● WHAT TO DO: A full, exact copy of the listing is needed, with images omitted.

● DATA PROVIDED:
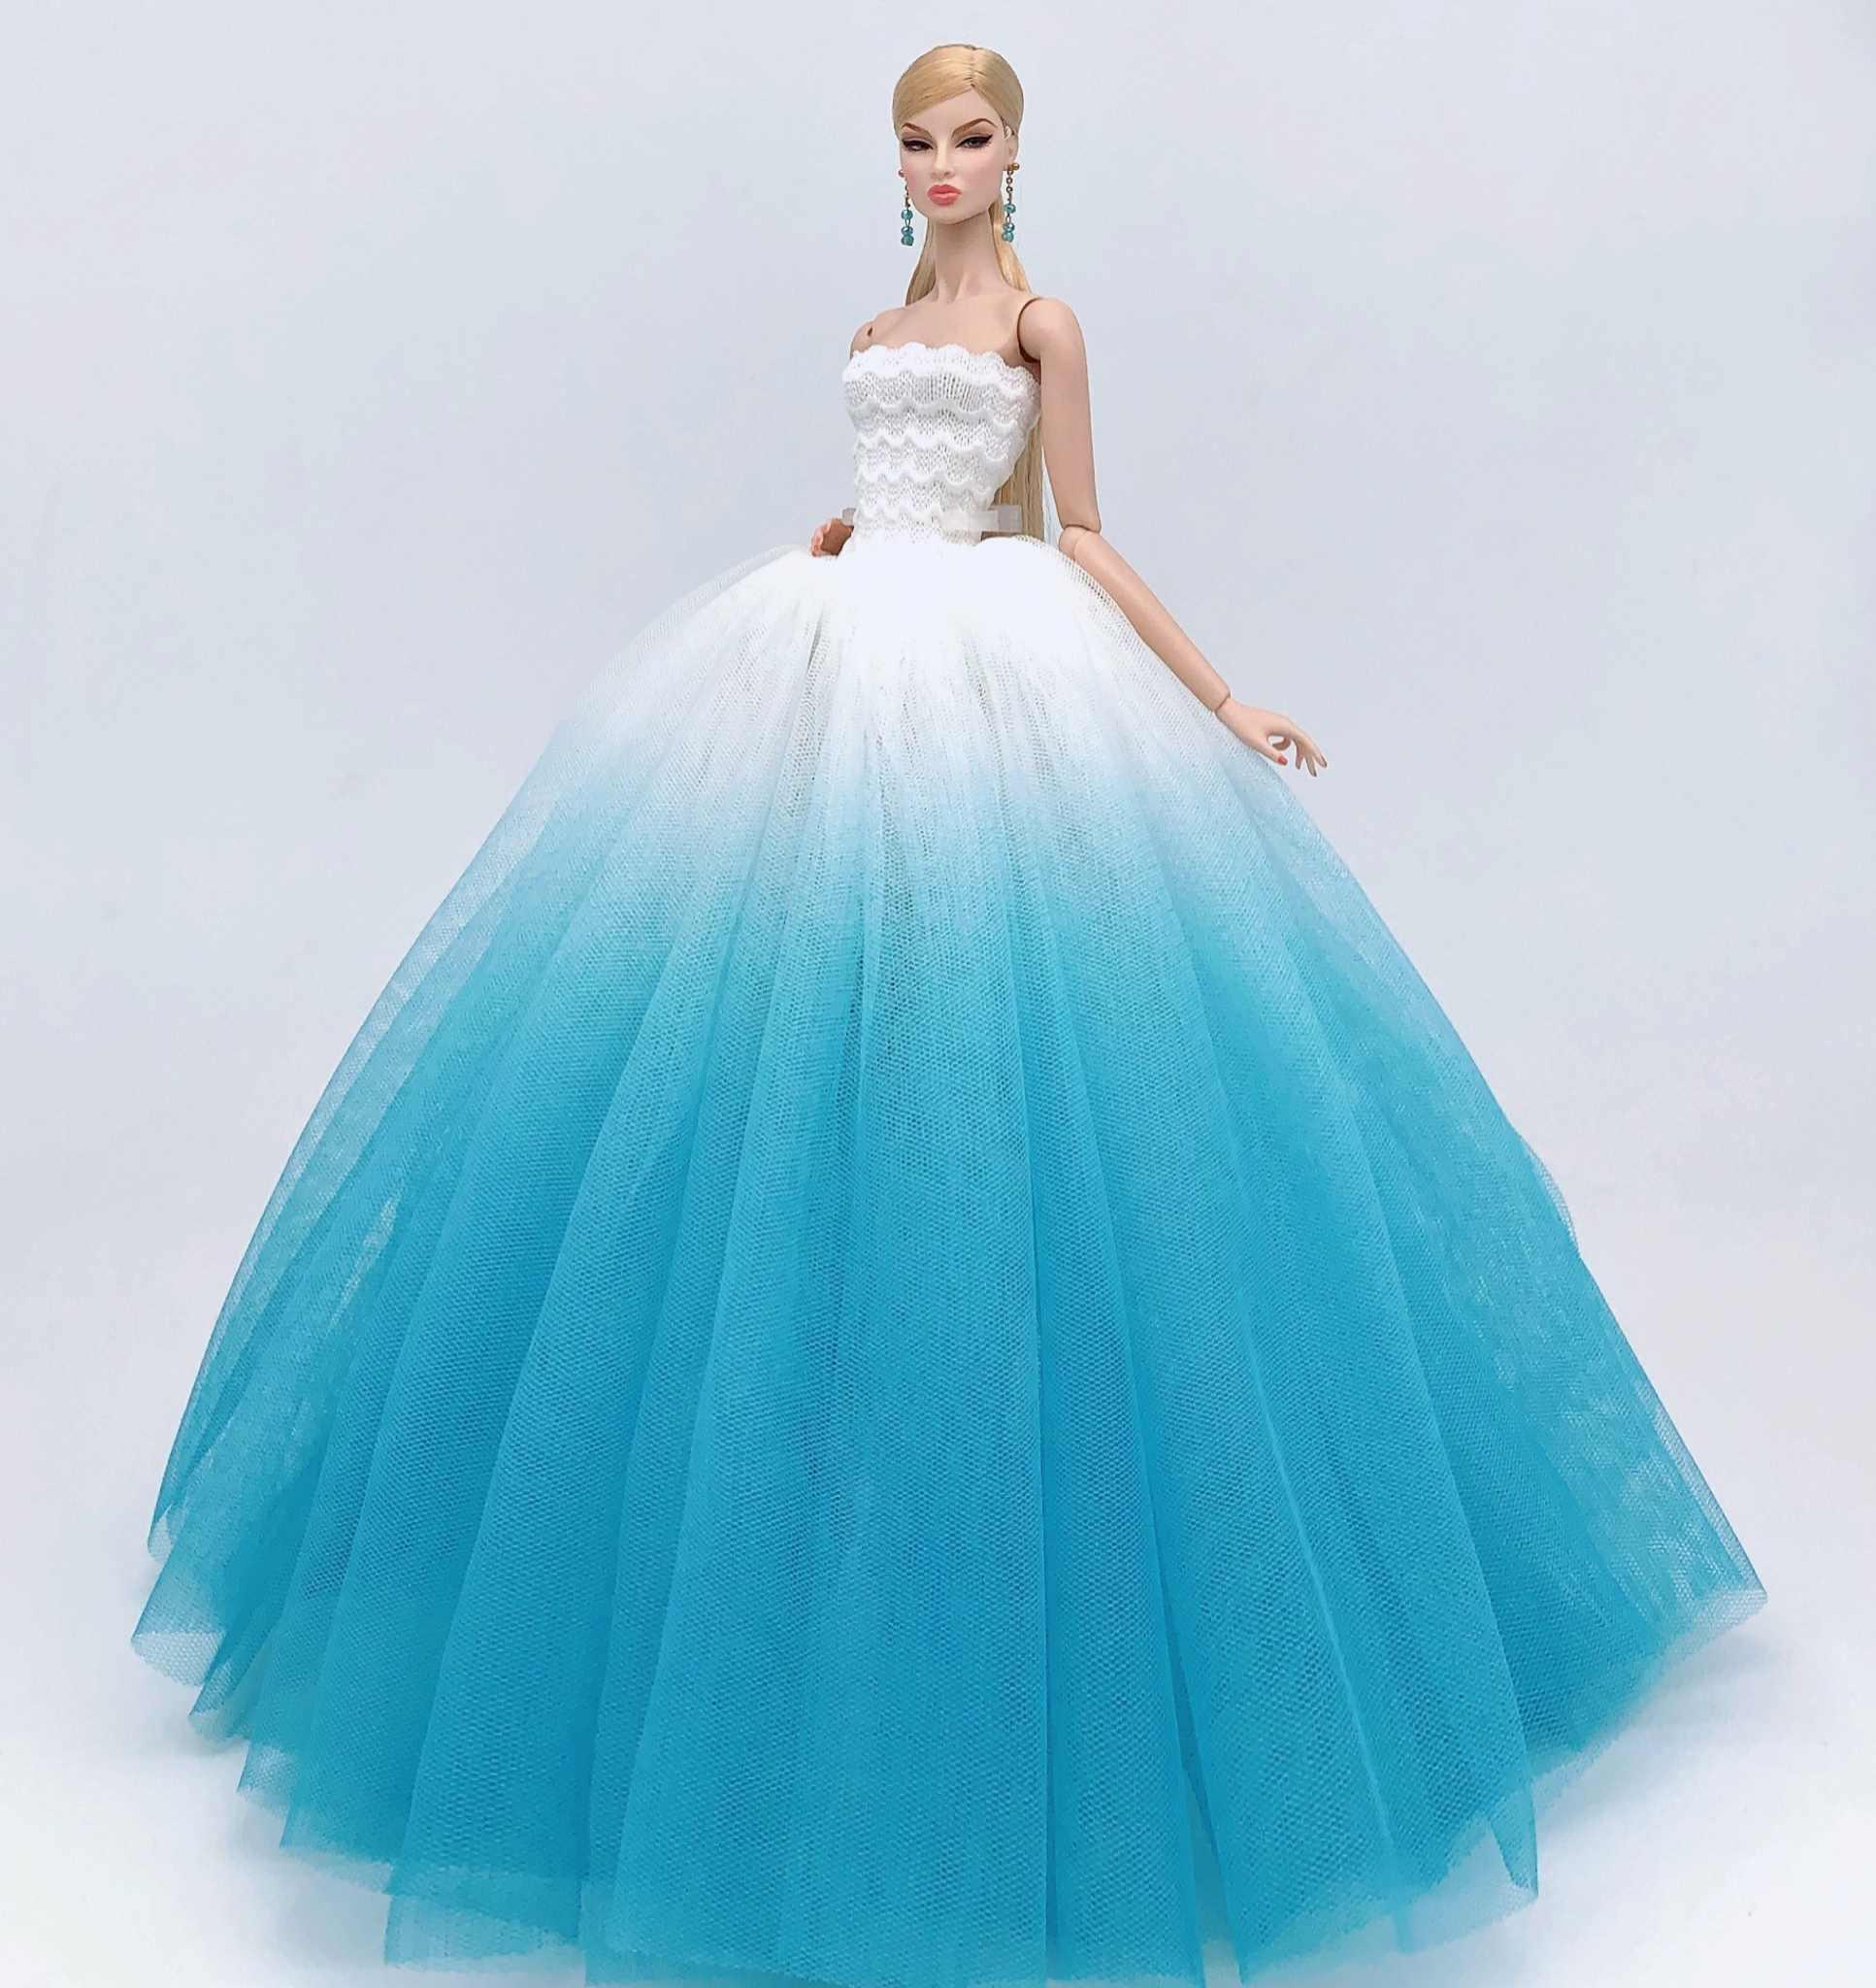 Estojo para barbie doll roupas, vestido de princesa, traje de luxo, vestido de noiva, de casamento, brinquedos fantasia, presente de aniversário
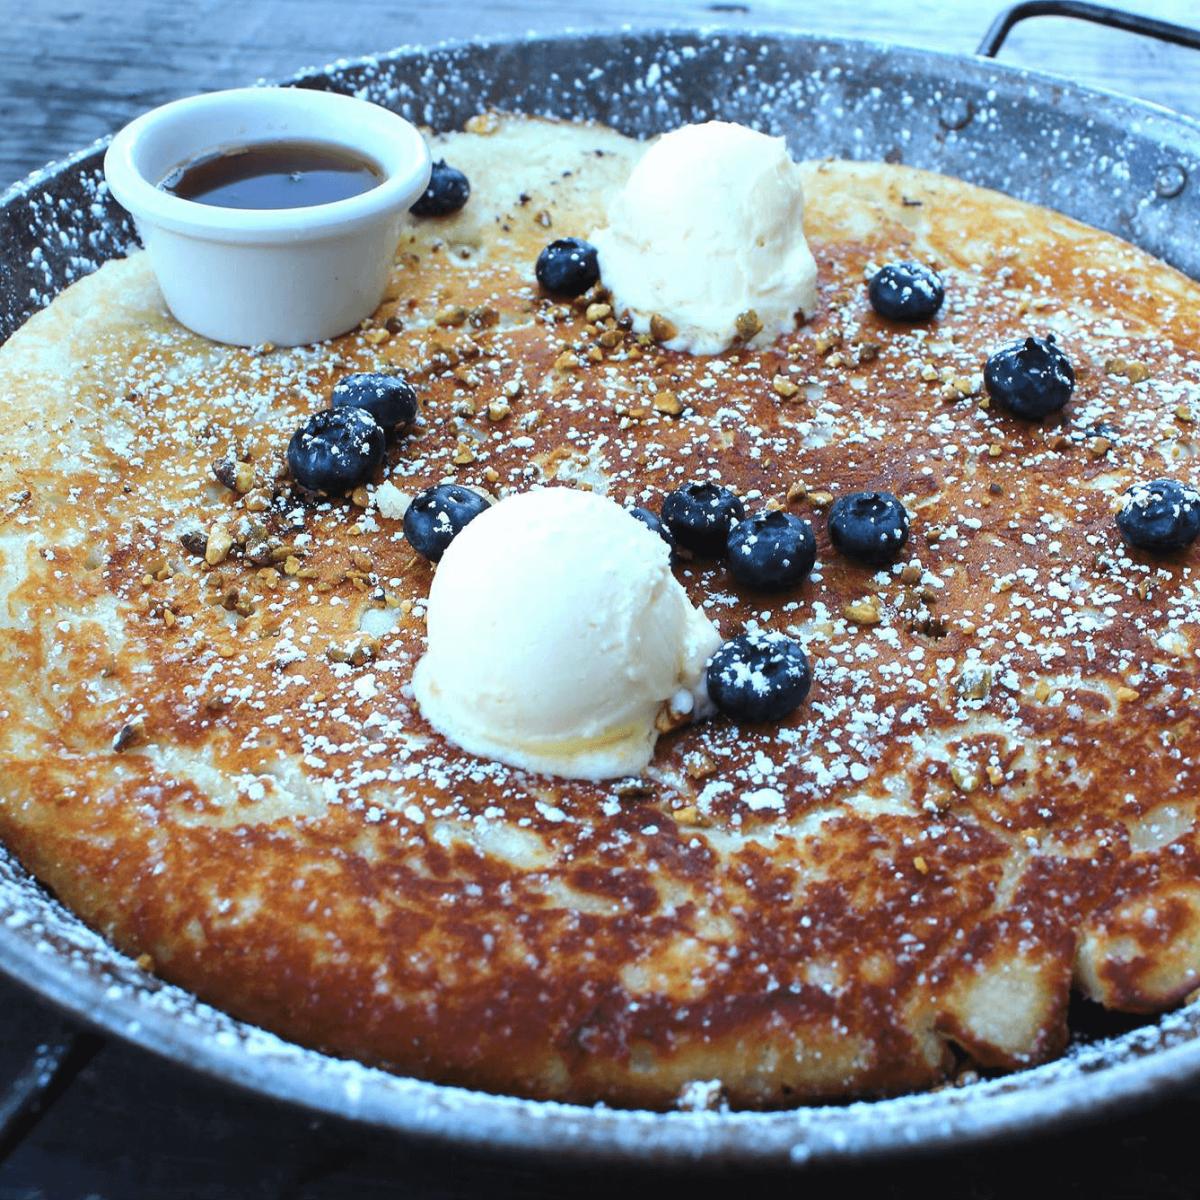 Mash'd restaurant manhole pancake
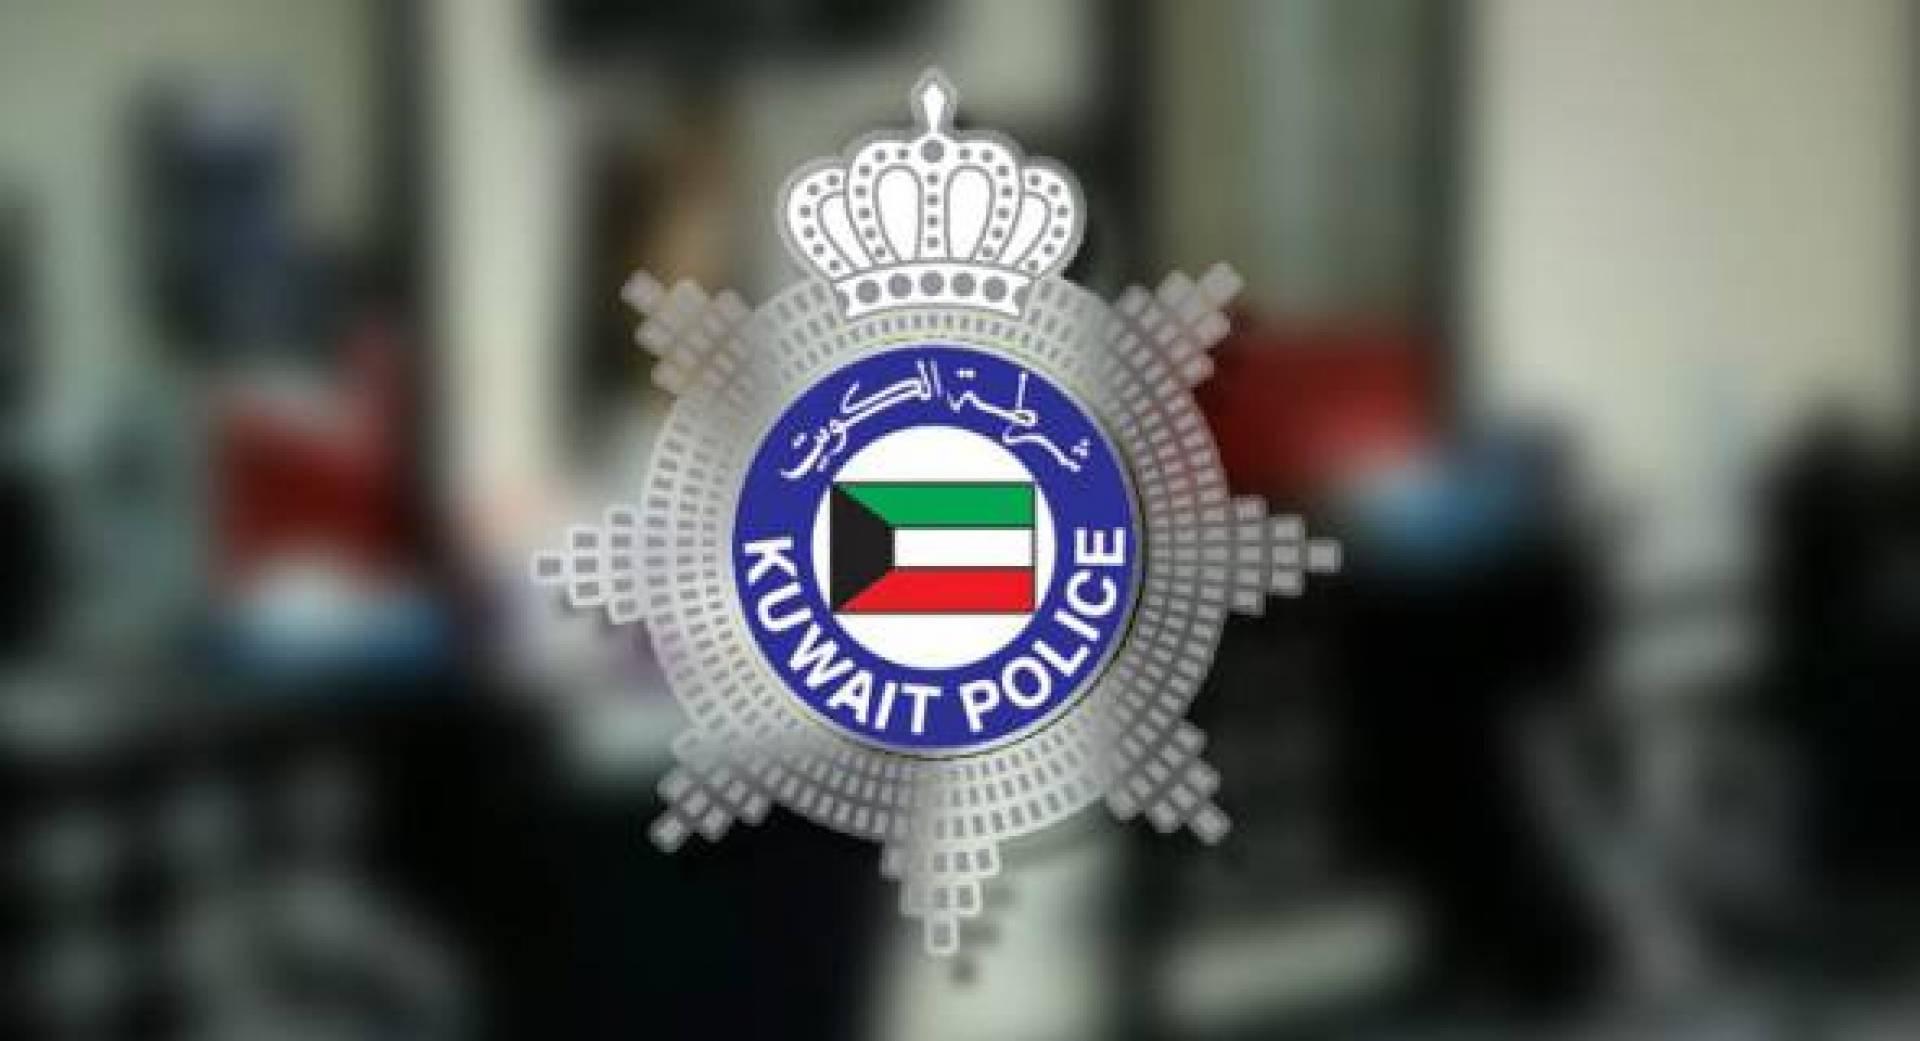 سطو مسلّح على محل صرافة بساطور في منطقة سعد العبدالله

● ANSWER AREA:
 Estojo para barbie doll roupas, vestido de princesa, traje de luxo, vestido de noiva, de casamento, brinquedos fantasia, presente de aniversário
 Mash'd restaurant manhole pancake
 سطو مسلّح على محل صرافة بساطور في منطقة سعد العبدالله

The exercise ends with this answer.